I think that the problem might be a dereference when a file operation call
happens if accesses to the device but the struct is already freed, so the
allocated structure should be freed after the last release call because you
can't guarantee is _not_ used before that. In this case class_dev is embedded to
the struct so I guess that the only resource we need to free is the cros_ec
device struct. I can be wrong, I didn't continue the research.

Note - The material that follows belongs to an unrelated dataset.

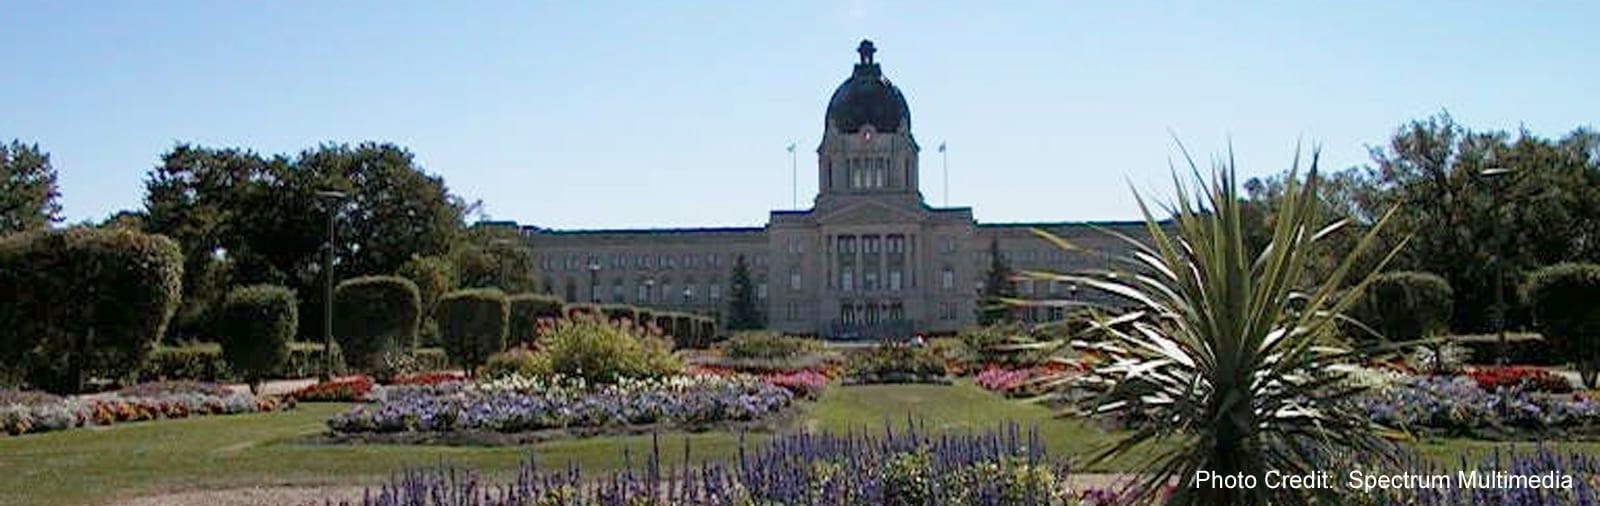 Regina- Saskatewan Legislature with flowers - sliver (Spectrum Multimedia)

This is what Guenter make me think when he said "object lifetime", then I read
the Greg's answer. I felt bad and I just abandoned that task and switch to
another one. There were still open questions in my mind but I was not so
motivated to solve it.

Before send the patch I looked at the code and I saw that there are different
places where an "empty" release function is used. If this is never allowed,
maybe we can create a cocci script to catch these cases, I started this script
(thanks Peter for helping me). Only detects two places, but the script is not
complete as should also take in consideration when the release function is
assigned in a function (usually people does this) instead of assigning the
function directly in the struct. I'll be happy to help on this if people think
will be useful.


@r1@
identifier I, s, func;
@@
struct I s = { ..., .dev_release = func, ...};

@r2@
identifier r1.func;
position p1;
@@
func@p1(...){}

@script:python@
fn << r1.func;
p1 << r2.p1;
@@

print ("%s:%s empty release function at lines %s" % (p1[0].file,fn,p1[0].line))

Thanks
Enric

> To quote Documentation/kobject.txt:
> One important point cannot be overstated: every kobject must
> have a release() method, and the kobject must persist (in a
> consistent state) until that method is called. If these
> constraints are not met, the code is flawed. Note that the
> kernel will warn you if you forget to provide a release()
> method. Do not try to get rid of this warning by providing an
> "empty" release function; you will be mocked mercilessly by the
> kobject maintainer if you attempt this.
>
> The fact that you couldn't even find this means that it probably is in
> the wrong place, but then, where is the "right" place for where everyone
> can see it? Should I refer to this file in the kernel error message?
>
> That file also should answer your other questions about lifetime rules
> of kobjects, which is really the same thing as 'struct device' here. If
> not, please let me know and I can fix it up.
>
> thanks,
>
> greg k-h
>